=== Supplied data ===

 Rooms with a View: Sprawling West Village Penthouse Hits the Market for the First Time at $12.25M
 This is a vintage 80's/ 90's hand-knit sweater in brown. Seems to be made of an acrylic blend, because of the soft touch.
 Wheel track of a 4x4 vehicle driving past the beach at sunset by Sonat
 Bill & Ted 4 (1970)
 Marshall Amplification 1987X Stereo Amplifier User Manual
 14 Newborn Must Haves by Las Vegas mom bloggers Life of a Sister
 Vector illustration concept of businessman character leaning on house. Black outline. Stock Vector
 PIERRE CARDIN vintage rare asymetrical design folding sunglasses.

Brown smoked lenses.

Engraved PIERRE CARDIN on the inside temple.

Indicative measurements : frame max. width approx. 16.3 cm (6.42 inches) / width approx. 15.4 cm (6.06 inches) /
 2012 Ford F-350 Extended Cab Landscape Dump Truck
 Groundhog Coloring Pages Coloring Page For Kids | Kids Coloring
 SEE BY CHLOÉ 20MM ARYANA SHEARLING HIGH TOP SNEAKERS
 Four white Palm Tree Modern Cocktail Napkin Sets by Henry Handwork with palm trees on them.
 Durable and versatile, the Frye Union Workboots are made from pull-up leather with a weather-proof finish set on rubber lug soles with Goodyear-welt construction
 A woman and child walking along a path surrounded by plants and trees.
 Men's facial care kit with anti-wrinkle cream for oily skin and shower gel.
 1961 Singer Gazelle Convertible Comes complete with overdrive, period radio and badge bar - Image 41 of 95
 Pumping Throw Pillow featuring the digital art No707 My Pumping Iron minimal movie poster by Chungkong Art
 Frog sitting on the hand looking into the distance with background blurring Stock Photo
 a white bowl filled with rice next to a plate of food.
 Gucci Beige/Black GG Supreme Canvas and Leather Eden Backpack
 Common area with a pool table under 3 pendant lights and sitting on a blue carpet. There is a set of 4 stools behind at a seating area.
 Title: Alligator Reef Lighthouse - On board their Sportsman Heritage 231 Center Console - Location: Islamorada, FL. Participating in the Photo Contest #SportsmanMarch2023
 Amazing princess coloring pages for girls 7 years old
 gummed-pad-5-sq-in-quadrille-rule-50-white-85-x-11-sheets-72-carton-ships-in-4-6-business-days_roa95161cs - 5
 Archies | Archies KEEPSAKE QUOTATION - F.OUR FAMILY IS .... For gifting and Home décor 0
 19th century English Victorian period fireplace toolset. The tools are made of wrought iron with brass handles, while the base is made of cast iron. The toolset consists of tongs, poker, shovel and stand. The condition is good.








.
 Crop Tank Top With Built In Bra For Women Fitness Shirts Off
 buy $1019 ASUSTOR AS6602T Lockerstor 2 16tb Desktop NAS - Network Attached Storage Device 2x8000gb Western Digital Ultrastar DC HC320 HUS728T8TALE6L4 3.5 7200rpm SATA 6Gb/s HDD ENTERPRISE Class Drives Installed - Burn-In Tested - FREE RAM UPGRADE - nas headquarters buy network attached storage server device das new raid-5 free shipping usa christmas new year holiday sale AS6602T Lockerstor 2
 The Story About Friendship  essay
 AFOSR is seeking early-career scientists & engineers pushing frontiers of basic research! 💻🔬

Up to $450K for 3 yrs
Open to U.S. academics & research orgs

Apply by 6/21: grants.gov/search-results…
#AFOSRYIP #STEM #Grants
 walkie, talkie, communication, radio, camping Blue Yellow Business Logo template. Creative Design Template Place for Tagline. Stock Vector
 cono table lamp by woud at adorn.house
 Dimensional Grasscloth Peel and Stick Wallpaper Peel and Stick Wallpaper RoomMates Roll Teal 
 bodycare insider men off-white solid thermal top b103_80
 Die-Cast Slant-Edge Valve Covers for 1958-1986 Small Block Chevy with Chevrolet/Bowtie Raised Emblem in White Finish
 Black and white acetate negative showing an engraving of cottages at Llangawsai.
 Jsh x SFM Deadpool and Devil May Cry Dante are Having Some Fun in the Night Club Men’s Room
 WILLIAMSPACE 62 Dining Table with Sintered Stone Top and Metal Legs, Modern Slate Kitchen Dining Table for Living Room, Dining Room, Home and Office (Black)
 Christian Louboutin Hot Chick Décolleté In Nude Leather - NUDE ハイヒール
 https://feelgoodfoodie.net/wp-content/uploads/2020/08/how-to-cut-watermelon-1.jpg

===

§ Assignment
Of the entries listed above, reproduce only the lines starting at the line containing "#AFOSRYIP #STEM #Grants" and ending at the line containing "Christian Louboutin Hot". Include both, exactly as they stand.

§ Exercise solution
#AFOSRYIP #STEM #Grants
 walkie, talkie, communication, radio, camping Blue Yellow Business Logo template. Creative Design Template Place for Tagline. Stock Vector
 cono table lamp by woud at adorn.house
 Dimensional Grasscloth Peel and Stick Wallpaper Peel and Stick Wallpaper RoomMates Roll Teal 
 bodycare insider men off-white solid thermal top b103_80
 Die-Cast Slant-Edge Valve Covers for 1958-1986 Small Block Chevy with Chevrolet/Bowtie Raised Emblem in White Finish
 Black and white acetate negative showing an engraving of cottages at Llangawsai.
 Jsh x SFM Deadpool and Devil May Cry Dante are Having Some Fun in the Night Club Men’s Room
 WILLIAMSPACE 62 Dining Table with Sintered Stone Top and Metal Legs, Modern Slate Kitchen Dining Table for Living Room, Dining Room, Home and Office (Black)
 Christian Louboutin Hot Chick Décolleté In Nude Leather - NUDE ハイヒール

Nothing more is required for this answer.